Oneira, l’Ère des Souverains, tome 2. Retour de rêve au royaume des Cauchemars

Couverture Oneira 2

Plongée en Dark Fantasy

Cab et Federica Di Meo ont posé dans le premier tome des bases solides à leur univers. Les influences politiques, les luttes contre les Cauchemars, la formation de Vénus (la fille d’Arachne), ils ont multiplié les lignes narratives pour obtenir un riche univers de Fantasy dans lequel le lecteur évolue. La plongée dans leur univers est d’une richesse exceptionnelle. Les personnages se croisent, échangent, rivalisent dans un monde en lutte contre l’occulte où magie et cauchemars s’affrontent. Tout est parfaitement maîtrisée et la lecture est fluide, au point de s’étonner de la fin rapide du tome ! (C’est plutôt bon signe.)

L'ère des Souverains le Conseil

Cependant, ce tome 2, comme c’est souvent le cas, est un peu moins spectaculaire que le premier. Il s’agit ici de suivre chaque fil tissé par l’auteur, sans oublier d’y rattacher quelques nouveautés, sans tomber dans l’ennui. Aucun souci à se faire à ce sujet : Cab est un conteur-né. Le tome se lit avec aisance. Il alterne scènes de lutte grandiose et passages plus calmes.

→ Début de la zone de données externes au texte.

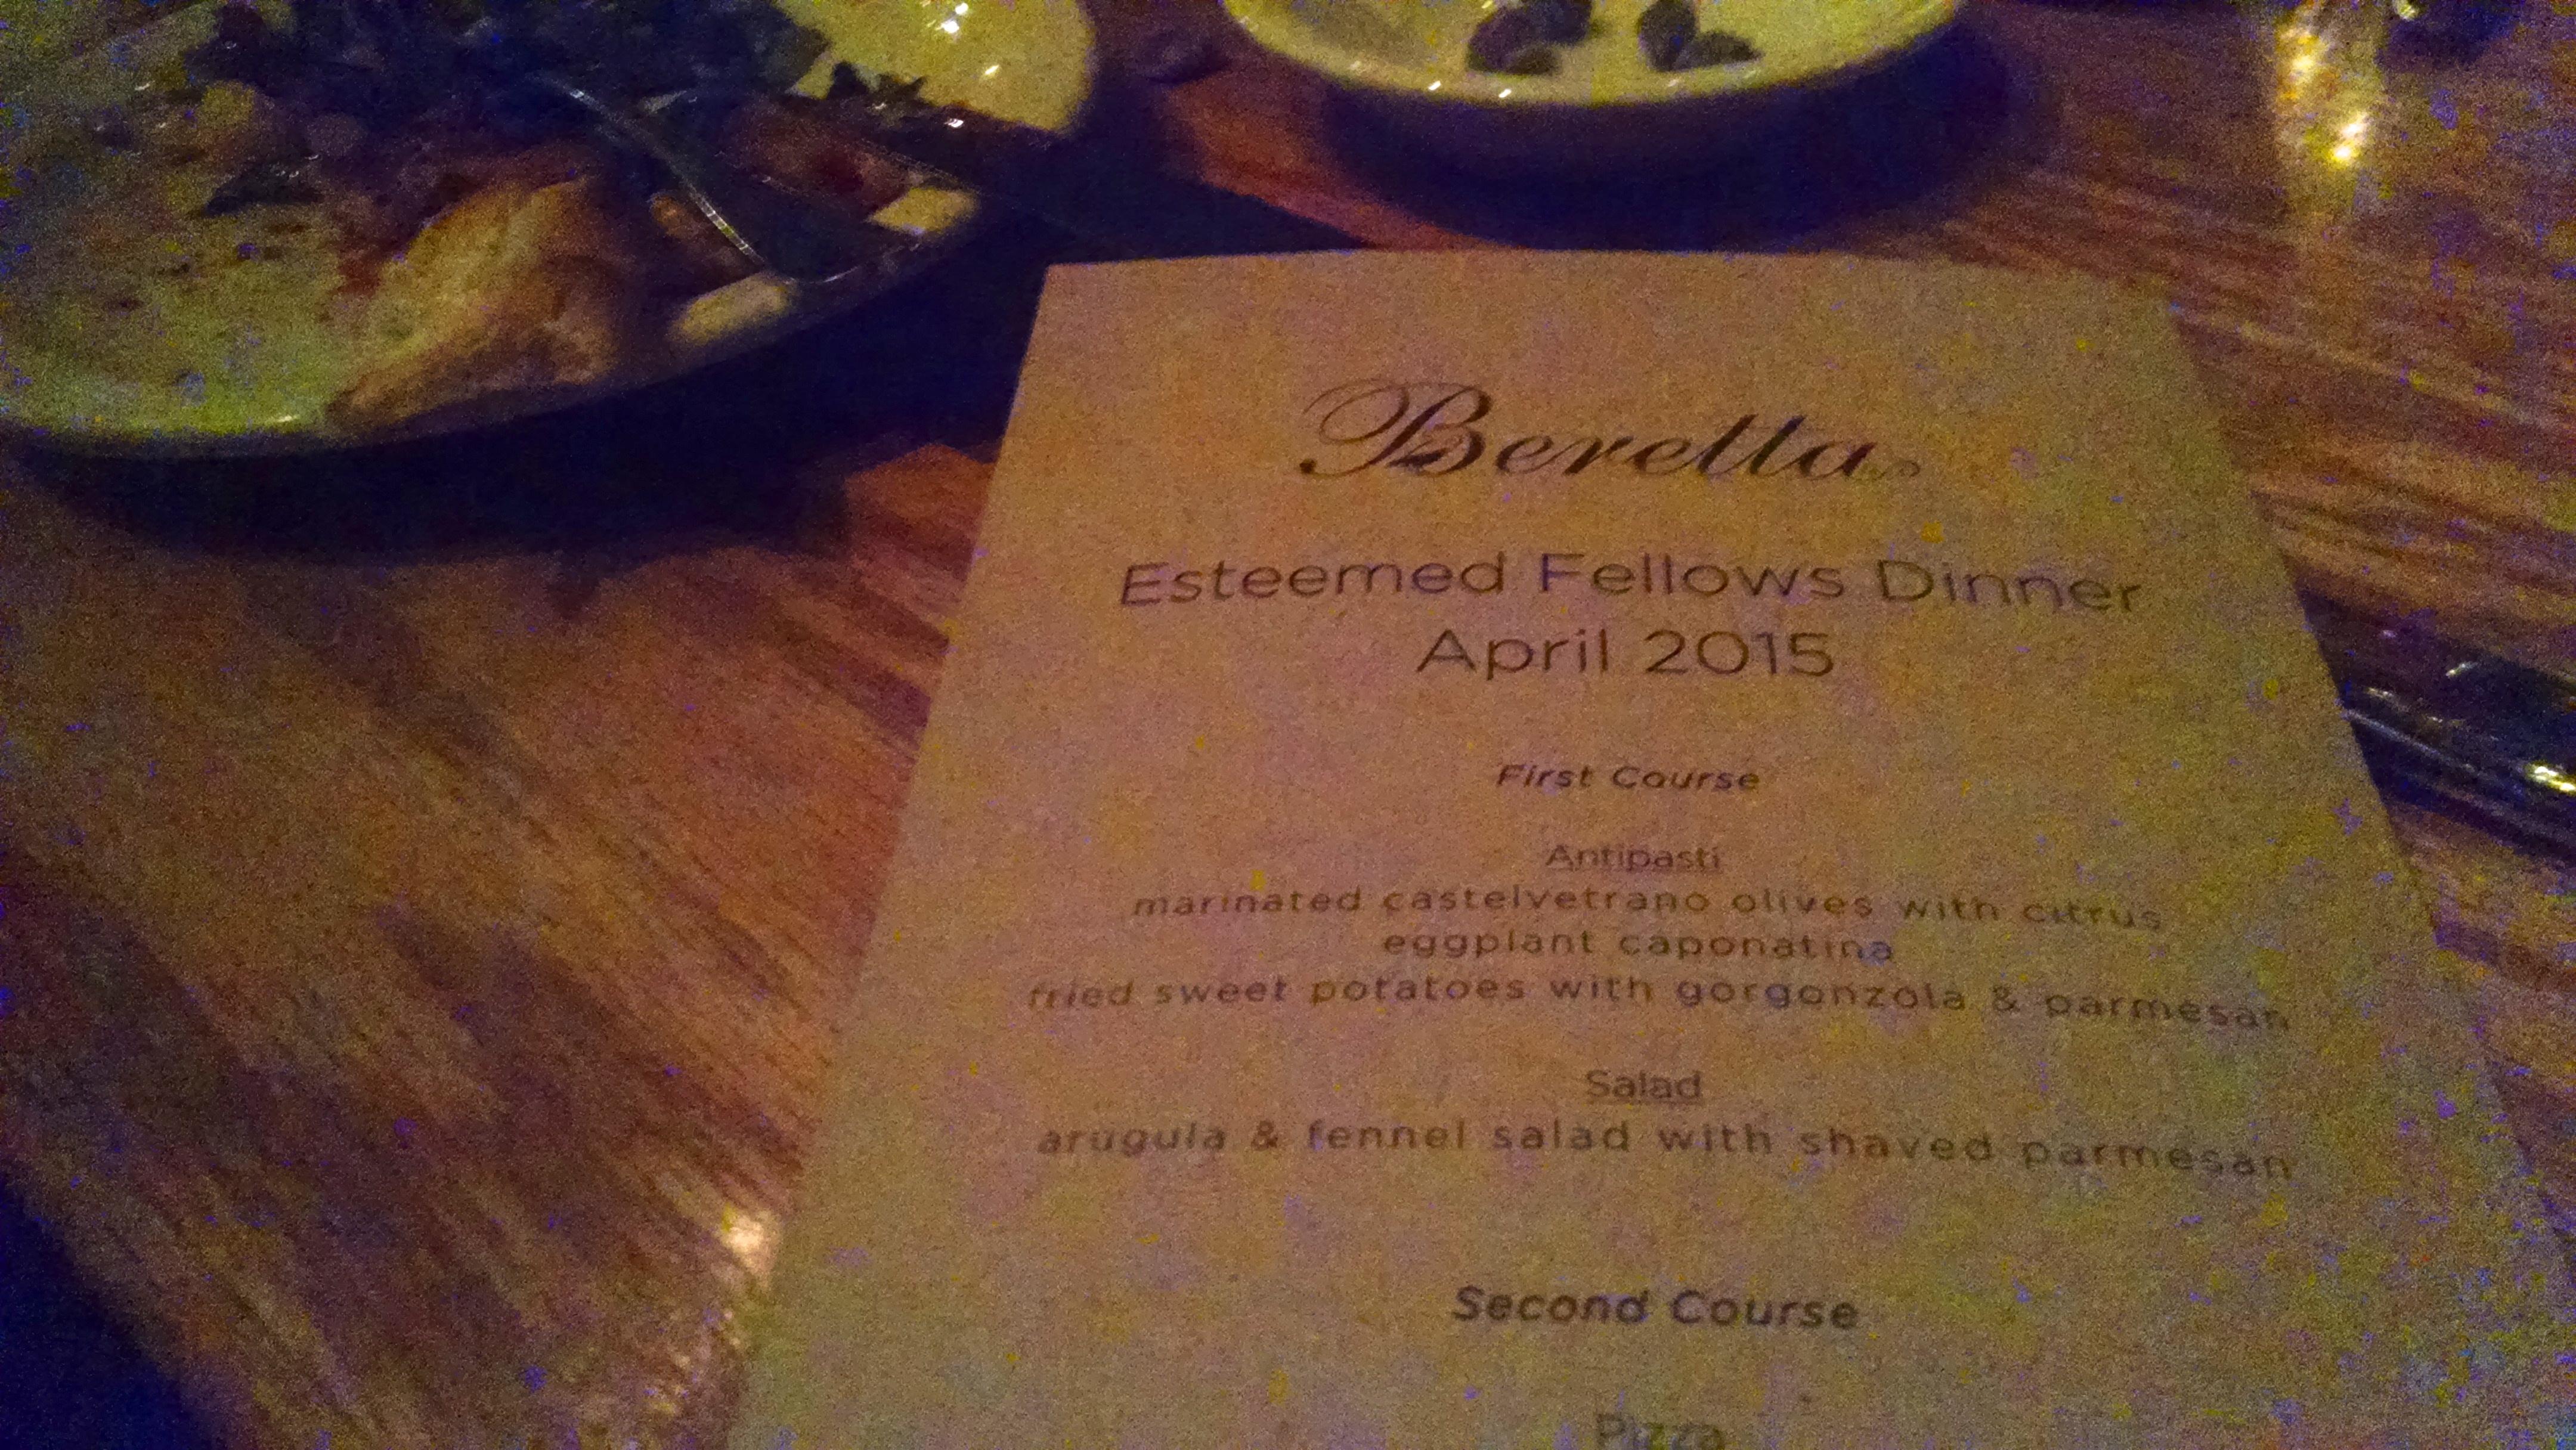 Esteemed Fellows Dinner April 2015 San Francisco
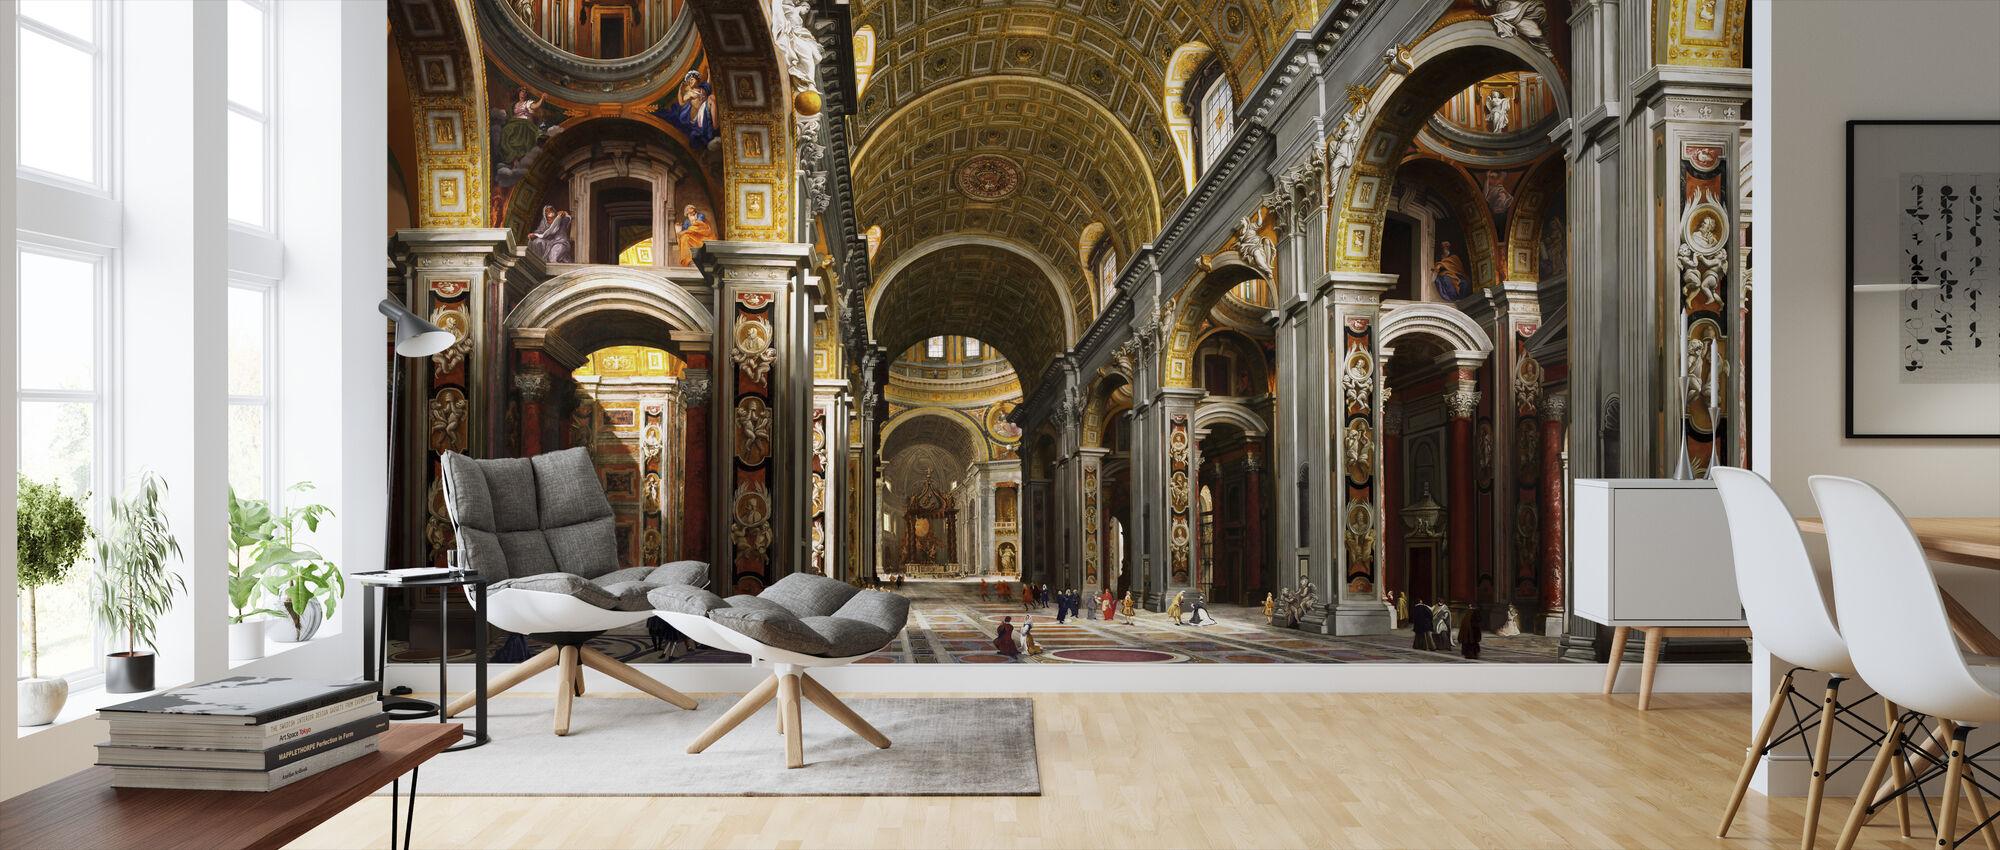 St Peters Basilica - Rome - Wallpaper - Living Room

La rivalité politique entre la Royauté et la Salice (le conseil des Magiciens) est toujours bien présent et sous-tend l’intrigue sans y être développé davantage (il faut en garder pour la suite).

Oneira - Il en manque un bout, là...

Comme dans une luxueuse série de Fantasy, Cab prend le temps de passer de la lutte des Épeires à la salle du conseil. Il nous balade d’un combat à une confrontation à une scène de taverne, d’une région à l’autre. Il nous offre même un moment de répit avec une merveilleuse scène de câlins collectifs entre Arachne, Vénus et Bastione, qui, dans la pléthore de personnages, restent les protagonistes principaux et ceux dont on guette les apparitions.

Free hugs !!

Puissance graphique

Federica Di Meo magnifie l’histoire de son trait puissant et précis. Les personnages sont superbement caractérisés. Scènes intimes et scènes de monstre, elle excelle dans tous les domaines.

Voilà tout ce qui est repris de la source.